Saturday, July 24, 2004

***
Invisible Trade

I couldn’t help it. Simply couldn’t. The scruff-bag with the bandana around his head of straw hair and three day’s worth of stubble was too much to bear, being seen purchasing a book on Building a Business Empire for Hippies. (Yes, that title is perfectly made up.) But I had to give him credit for dreaming up such asinine nonsense on the train down from Bangkok. Besides, he looked like Rob Schneider, and I am almost certain a face like that would render anyone harmless to the fringes of localized corporate schemes (or real-politiking going on in the office). Which is usually a good thing.

“Well, so what’s it going to be? Your business, that is.”

He turns around to stare at me right in the eyes with a sort of glazed, weeded look.

“I’m afraid I must give you my apologies for not going to tell you. You see, it’s terribly classified information.”

I stare at him, mildly shock. Was that a rebuff? I was simply trying to be friendly. Or just being bored. Either way meant the same thing.

“You see, the information’s highly confidential. It’s so secret I haven’t found the key to unlocking it’s proposal yet. It’s been stuck at the back of my mind and no amount traveling around Asia has helped any-what, (and even the stresses of the most inefficient lavatory systems have proved to be useless.)

But if you have any suggestions whatsoever…”

I look about for some escape and see a bunch of the horrible trash that’s of late been touted as raw, real, social scrutiny under the best-seller’s shelf.

“Oh gosh. I’m absolutely vacuous when it comes to rubbish like that. Not at all the entrepreneur, but I do think the Invisible Trade is rather lucrative at the moment. Well, I do hope to see you on Fortune 100 in a few months," (or at least among the ranks of Heidi Fleiss).

***

By the way, I do not really think the book is intensely repugnant. It's just mildly so, I wouldn't want to give it That much credit. It’s god-awfully boring, and there’s nothing that’s being said that hasn’t been said before. If you really want to know what the Invisible trade is, the G-Spot suggests that you talk to the prostitutes at Orchard Towers. I have no intention of doing so consciously anytime soon out of my own initiative (but if Mr. B comes back and still wants that threesome, to which I might or might not comply because I’m really rather tired of threesomes, whatever they may say about three being company and two being none non-withstanding).
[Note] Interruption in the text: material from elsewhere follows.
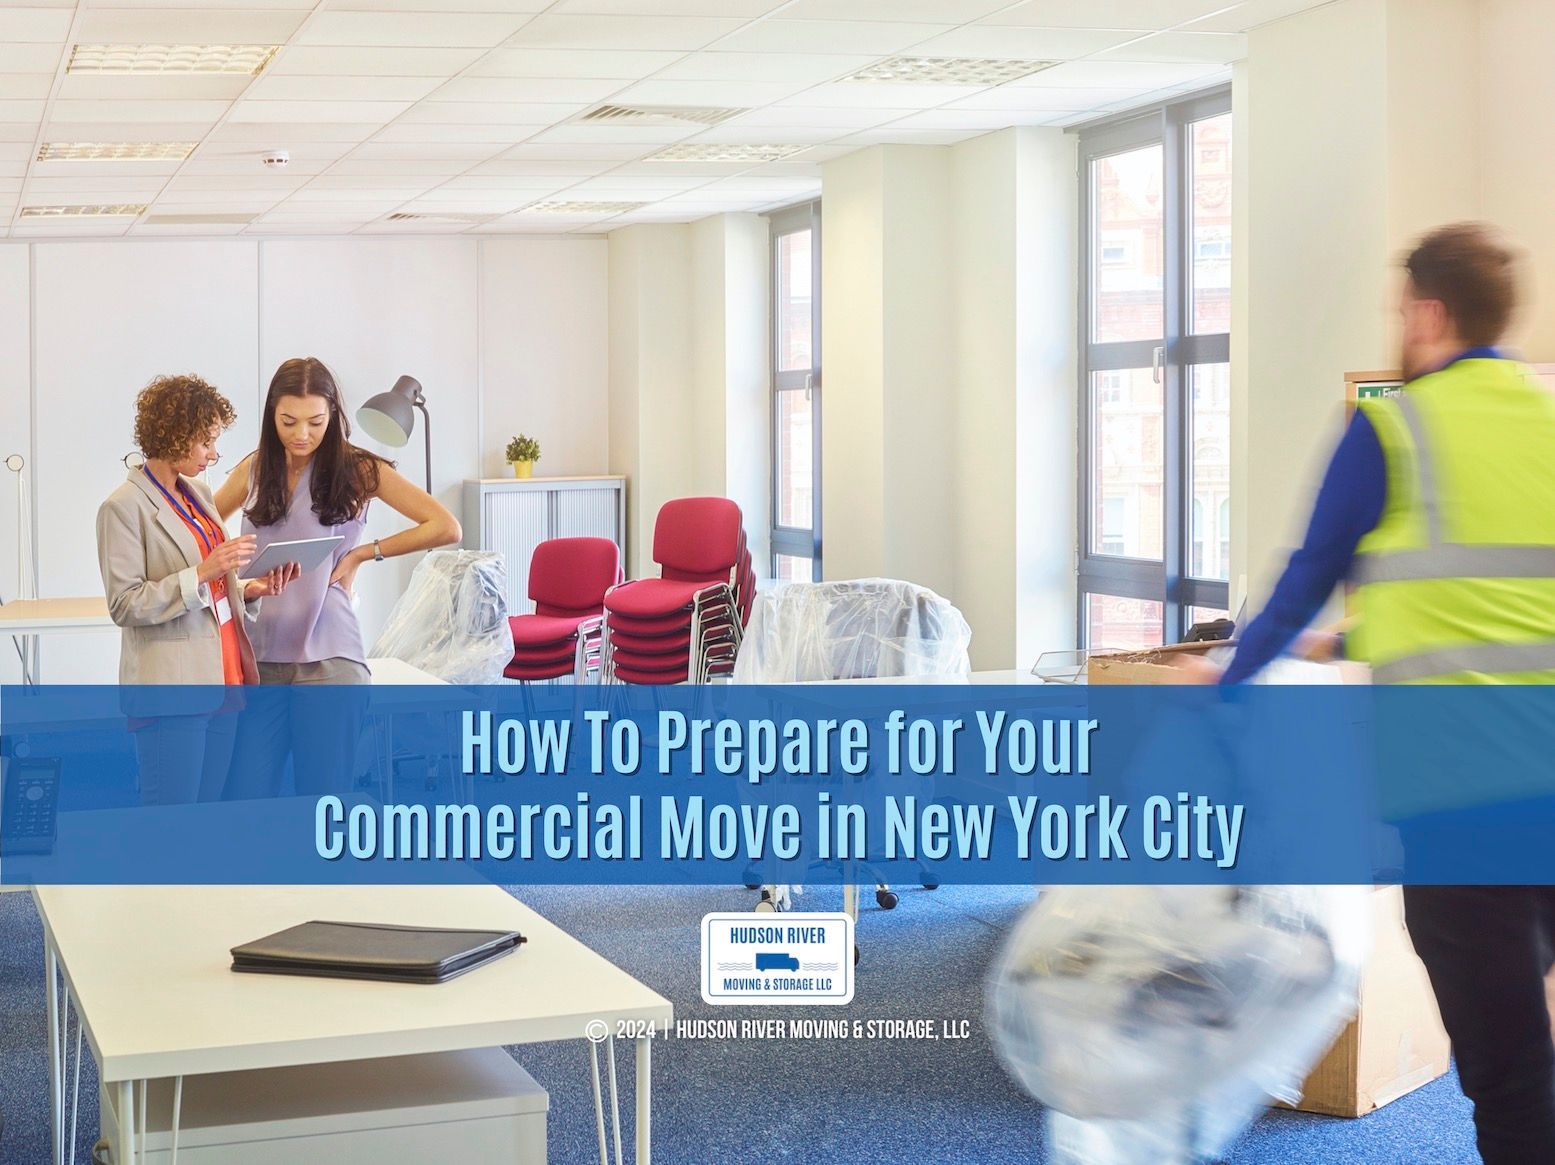 Guide cover on how to prepare for a commercial move in New York City, with tips from Hudson River Mo
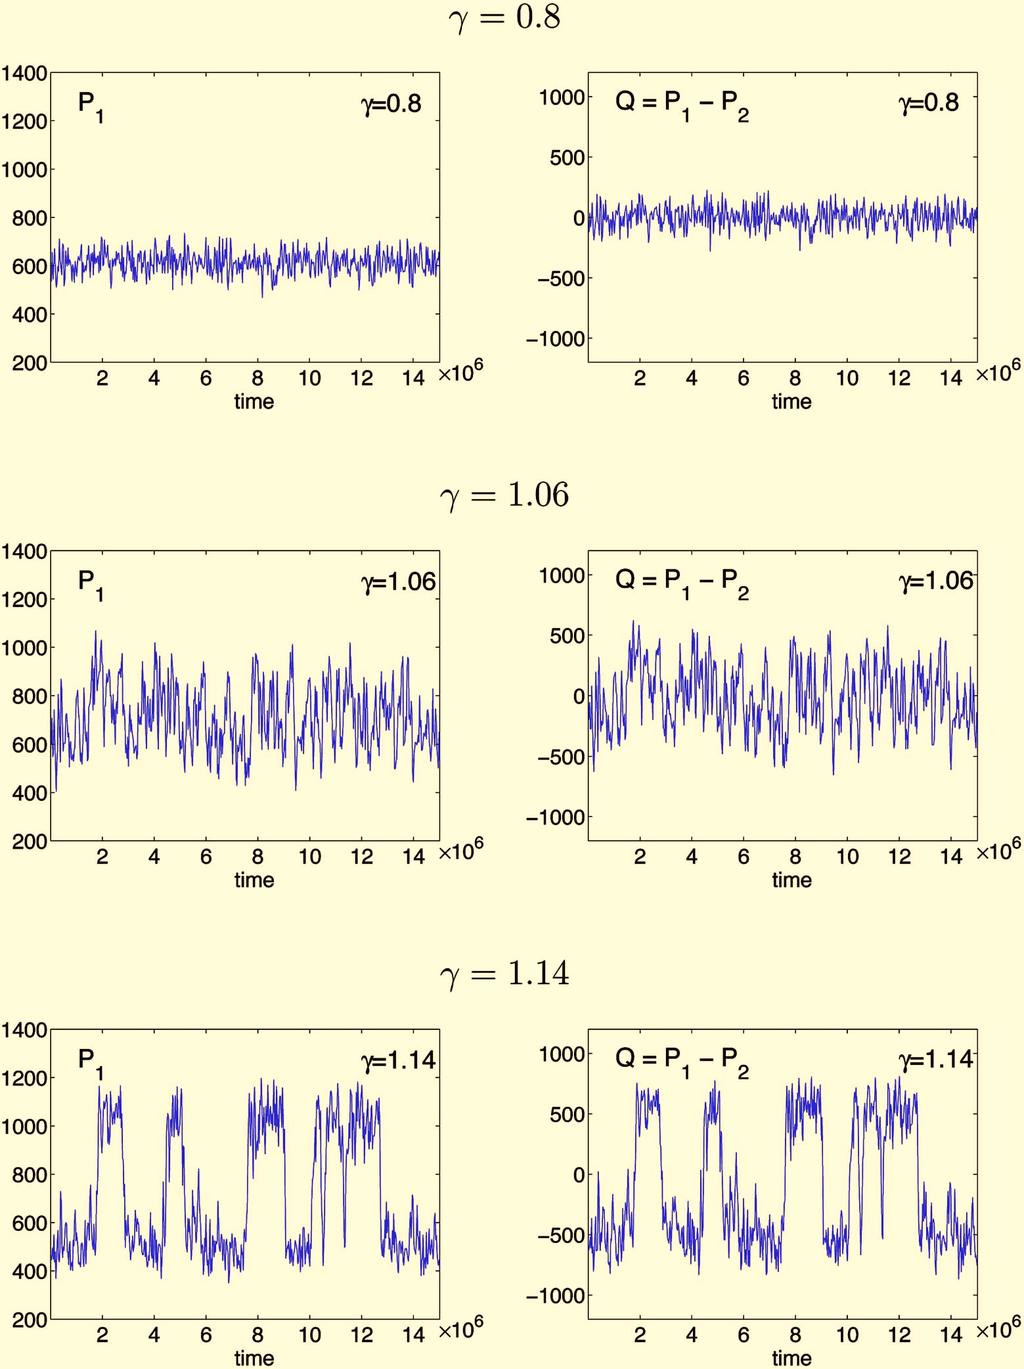 084106-7 Gene regulatory networks J. Chem. Phys. 124, 084106 2006 FIG. 5. Stochastic model I. Plots of P 1 and Q= P 1 P 2 as a function of time for different values of.

I am sure Gerrie Lim did really talk to those girls, but how interesting can their views be when reiterated by someone else other then themselves? The problem with the book’s that it’s terribly void of feeling. Put shortly, it’s nothing more then a tease, an attempt to shock and to roll in the cash. It tells a lot about the girls, yet nothing about them.

I avidly wait Belle Du Jour’s novel. But of course, in the meanwhile, the one by Tracy Quan will prove an excellent lunchtime read too.